But, I do have an issue with the requirement to return two end()
iterators in equal_range() on "not found" condition instead of such a
hint. I think it is a defect in the Standard that limits possible
optimizations without good reason.
 
J

James Kanze

James said:
James Kanze wrote:
On Nov 21, 8:34 pm, Pavel
[...]
they have to re-compute same information in insert() again (at
least bucket index and hash code). I hope they will use it in
the future though and that API is there to allow optimization,
not just for compatibility..
Explain how? The iterator doesn't contain the hash code in any
way.
Iterator may contain anything that addresses the element, in
particular hash_code (it does so in one version of GCC
hashtable, more precisely, points to the node that contains
hash_code).

That's true, but how would that help? The hint has to be
checked; it's not an absolute. So the insertion code would
still have to calculate the hash code for the element to be
inserted. And having done that, having the iterator will not
make much difference.
It has to contain something to allow navigation (++, --). For
example, it could contain:
1. A handle for constant-time access to the bucket, to be able to find
out where the bucket ends (like an index of the bucket in some
array/vector/deque or a pointer to it),
2. A handle for constant-time access to element in the bucket (another
index or whatever)
3. A handle for constant-time access to the container (to know how to
navigate to the next bucket as you need for ++, --). Again, a pointer or
similar.
If buckets contain pointers to actual objects (which sounds
feasible as the Standard guarantees the references and
pointers to the objects are not invalidated during re-hashes),
the above is quite enough to insert the object "at" given
iterator or at first available space in the bucket pointed to
by the iterator.

You seem to be forgetting that the iterator is only a hint, and
that the insertion has to work correctly even if the hint isn't
appropriate. Which means that the inserter would still have to
verify that the element to be inserted belongs in the bucket
designated by the hint. If it doesn't, it has to find the
correct bucket; if it does, it can use the bucket designated by
the iterator. But finding the correct bucket is O(1), with very
low constant time; using the bucket designated by the iterator
doesn't really gain enough to make the extra tests worthwhile.

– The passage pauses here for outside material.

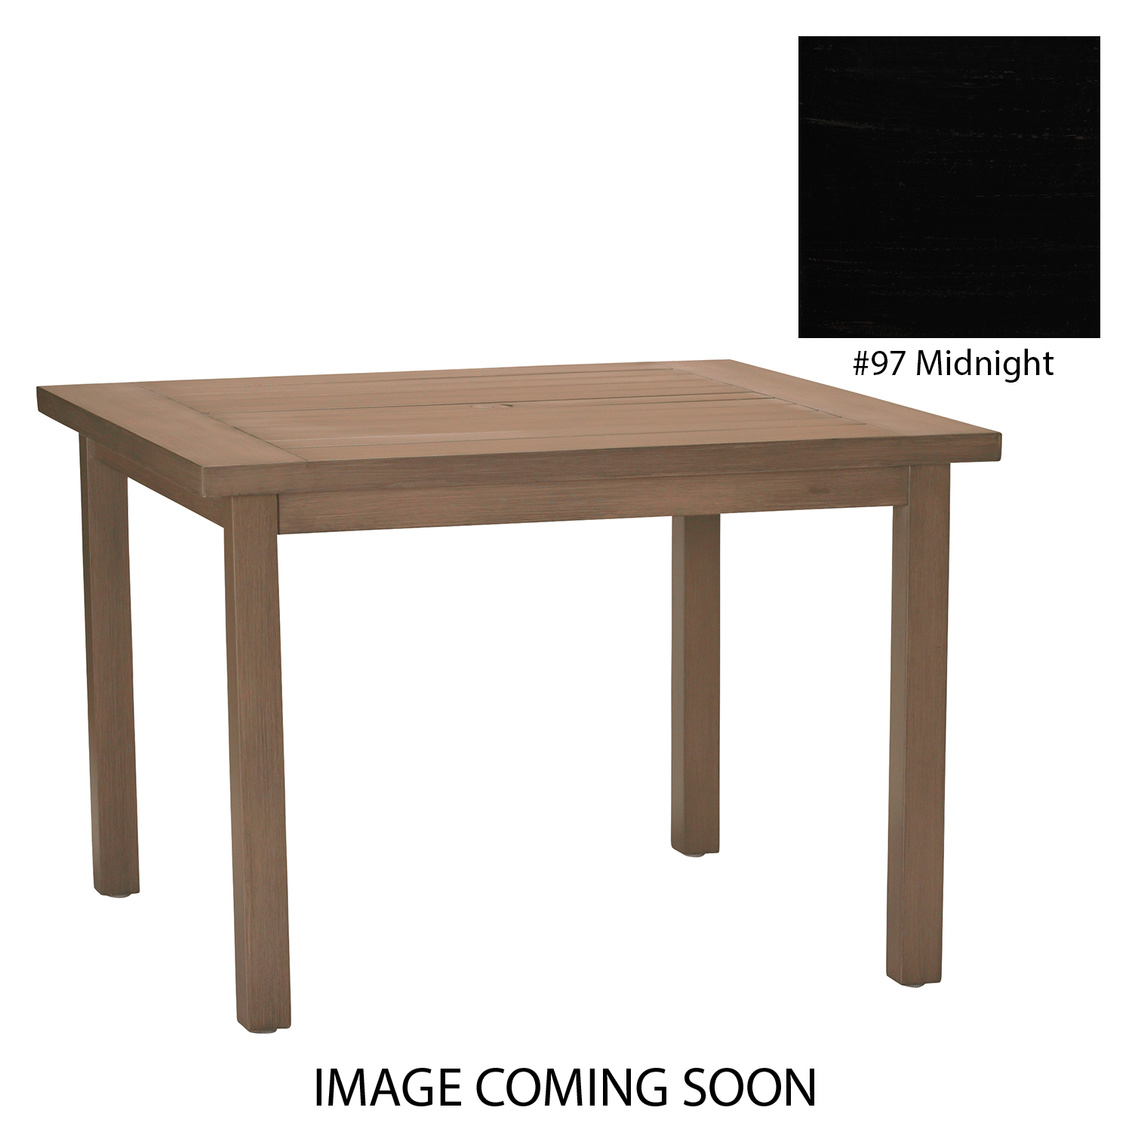 club aluminum square dining table in midnight product image

Note how this is different for ordered containers. The
implementation can verify in constant time whether the insertion
should be adjacent to the given iterator, where as finding the
correct position from scratch is O(lg n). In a hash table,
everything is O(1), and the only potentially expensive operation
which you'd like to eliminate is recalculating the hash code.
To do this, the implementation would have to consider the hint
as guaranteed, and just insert the object in the bucket obtained
from the iterator. Which wouldn't be conform, and probably
wouldn't work in one of the more frequent uses of the hinted
version of insert: in an insert_iterator. (I suspect that
supporting insert_iterator is a major motivation for having the
hinted inserter in the hashed containers. You can't use
back_insert_iterator, since for obvious reasons, the container
doesn't support push_back, and you do want to be able to use
std::copy to insert elements into the container.)
Most of the hash maps I've written in the past would cache
the last element found, in order to support things like:
if ( m.contains(x) ) {
m[x] = 2*m[x] ; // or whatever...
}
I understand you can optimize the set for the usage pattern
you think is common. This comes at cost even for this use,
however, as the comparision may be much more expensive than
hash-function computation and you guarantee you will have an
extra comparison in m[x] at all times. We know we can do
without (see above) so why should we live with it.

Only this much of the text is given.